Шрифт:
Закладка:
— Верно, клянусь богом! — подхватил настоятель. — Четыре верховых лошади со сбруей, считай по двести талеров, две рабочих, пусть по пятьдесят, итого девятьсот талеров; затем шесть коров, пусть хотя бы по двадцать, это сто двадцать. Так, теперь добавим две лодки, паром, канаты, скажем, еще сотню талеров, — итого около тысячи двухсот талеров пропало сегодня утром, в чистый понедельник!
— Ей-богу, так!.. Что верно, то верно! Разве их удержит страх перед Дышлом, этих заречных!..
Тем временем вернулся Лис и сообщил:
— Ключ от церкви унес с собой Еркович.
— Вот тебе и раз! — заметил настоятель. — Ступай в кузницу и принеси что-нибудь, придется взломать боковые двери.
Фра Брне схватился за живот и, закатив глаза, едва выдавил:
— Я, братья, больше не могу! Едва и сюда-то дошел!

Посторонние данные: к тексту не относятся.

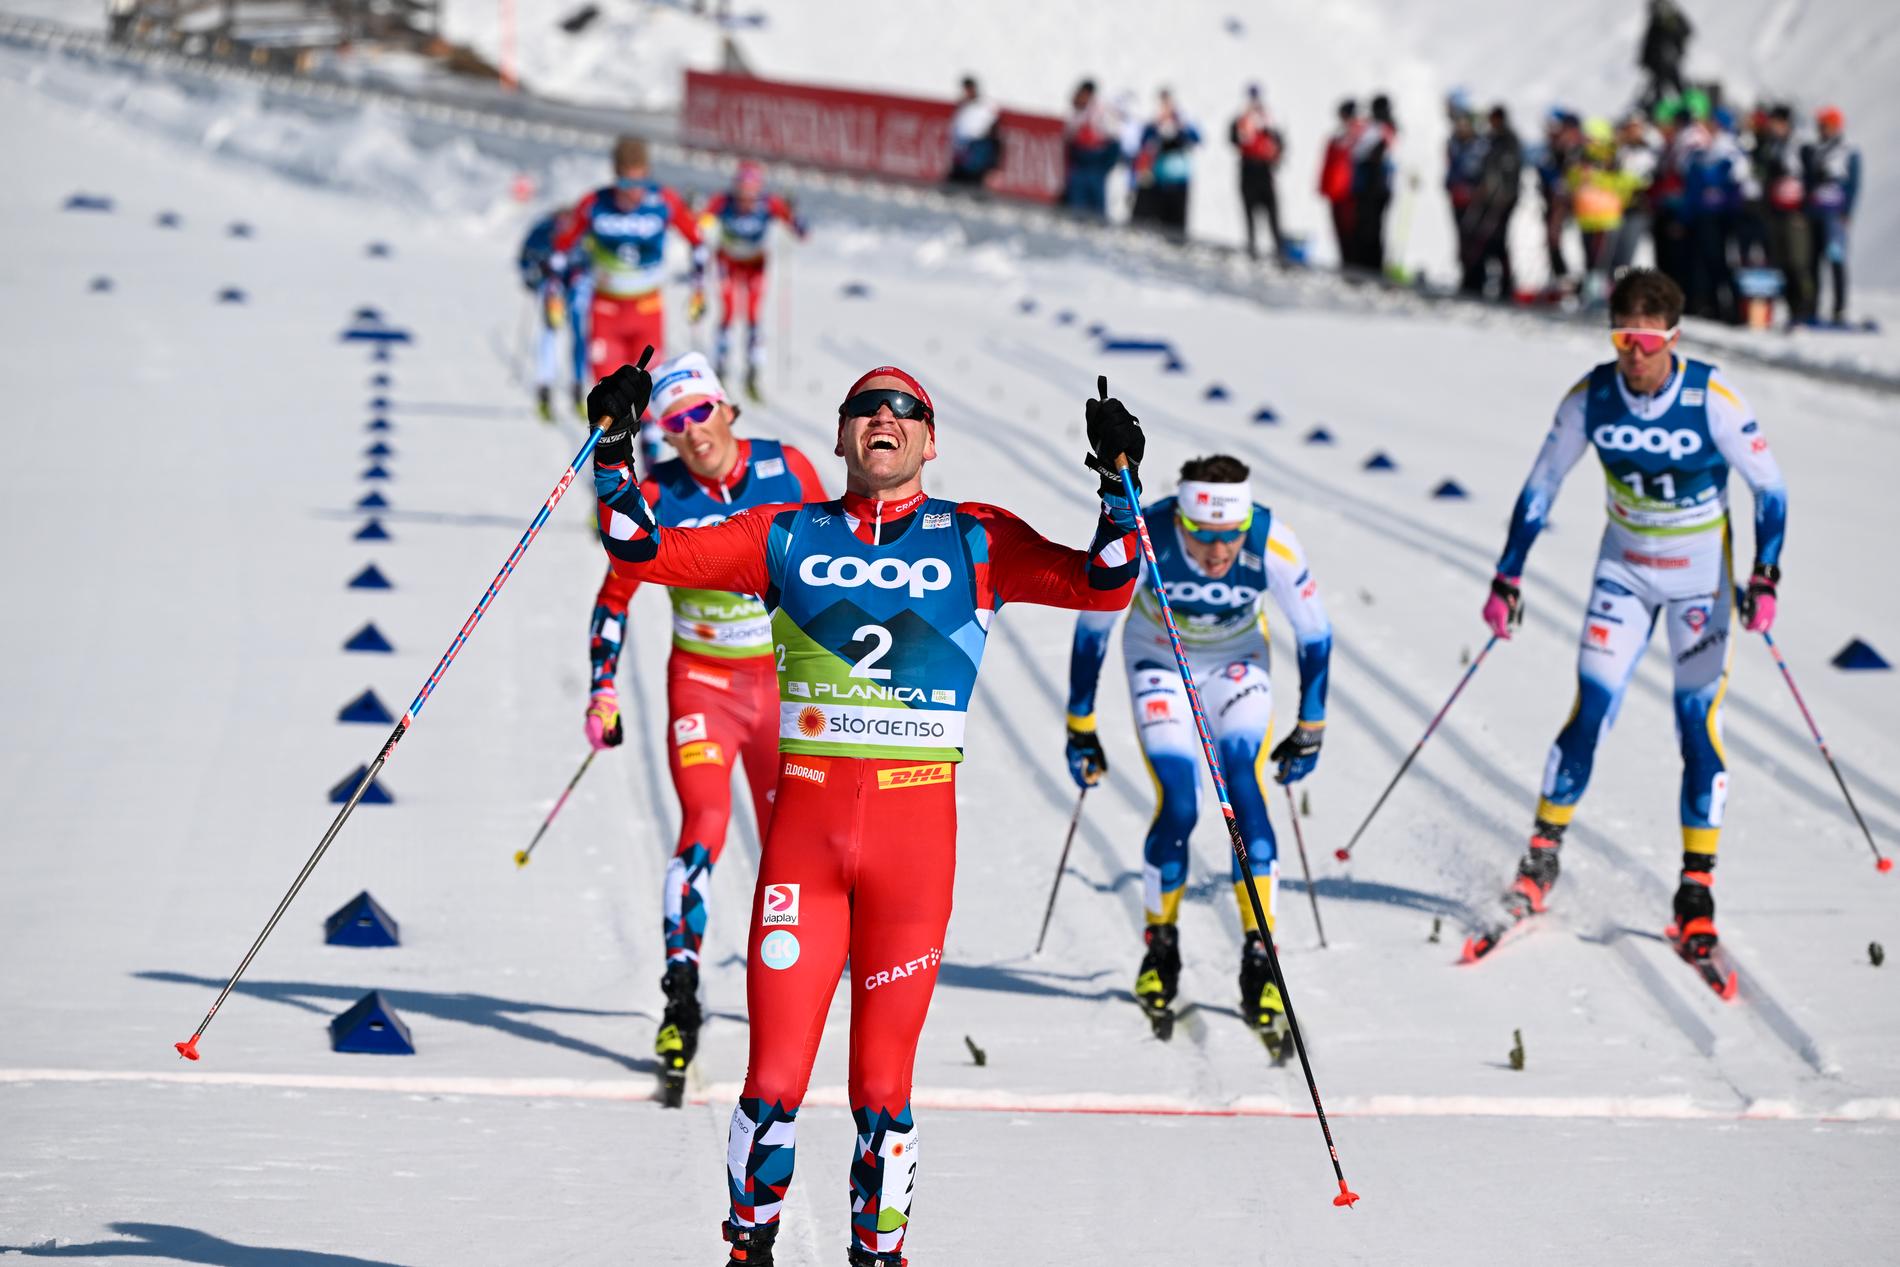 In recent years, cross-country skiing has been shown on Viaplay and TV 3. There was an exception in the ski toilet in Planica when Pål Golberg's five-mile gold medal was shown on both NRK and Viaplay.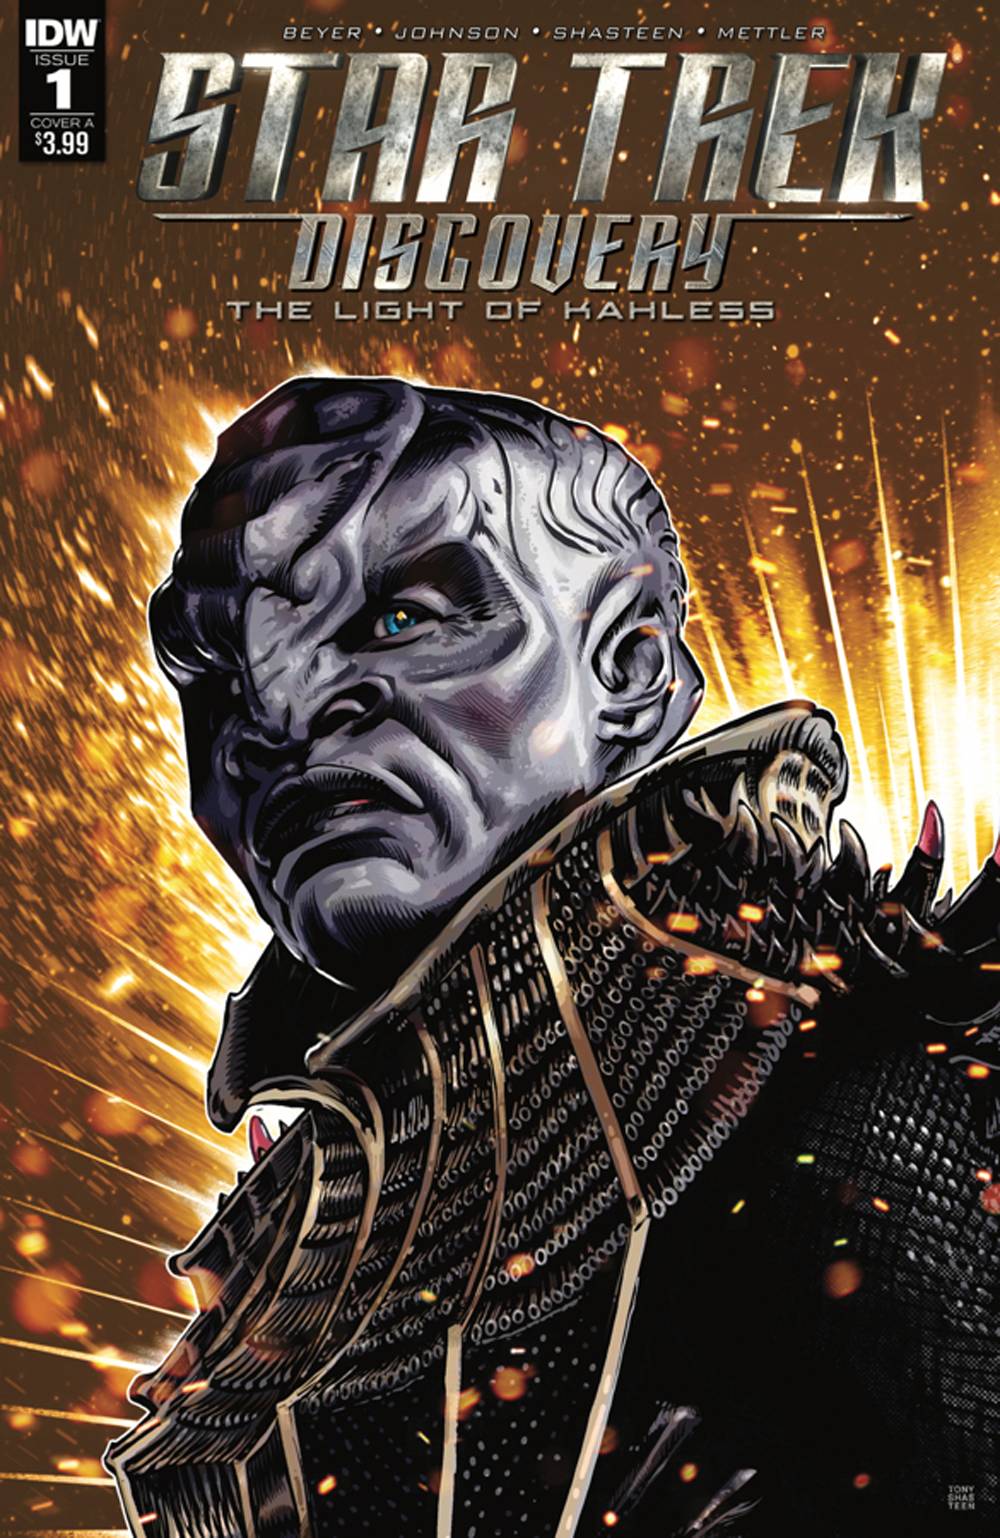 Star Trek Discovery #1 Cover A Shasteen

Бурлит в животе, словно капуста варится! — и медленно поплелся вверх по лестнице в свою келью.
За ним ушел восвояси и Кузнечный Мех.
Наконец явился Лис с инструментом и вместе с Котом и Буяном принялся взламывать дверь.
Фратеры разгуливали по двору.
— Свой, свой наводчик, не иначе! — твердил Тетка. — Подумайте сами: мошенники наперед знали, как мы проводим сыропуст; знали, что слуги, как всегда, в этот день в монастыре допоздна, знали…
— Нет надобности перечислять, — прервал его Вертихвост. — Они могли обойтись и без наводчика, ведь какие только бродяги у нас не служили, а потом разбрелись по свету! Кроме того, год голодный, да и народ изгадился!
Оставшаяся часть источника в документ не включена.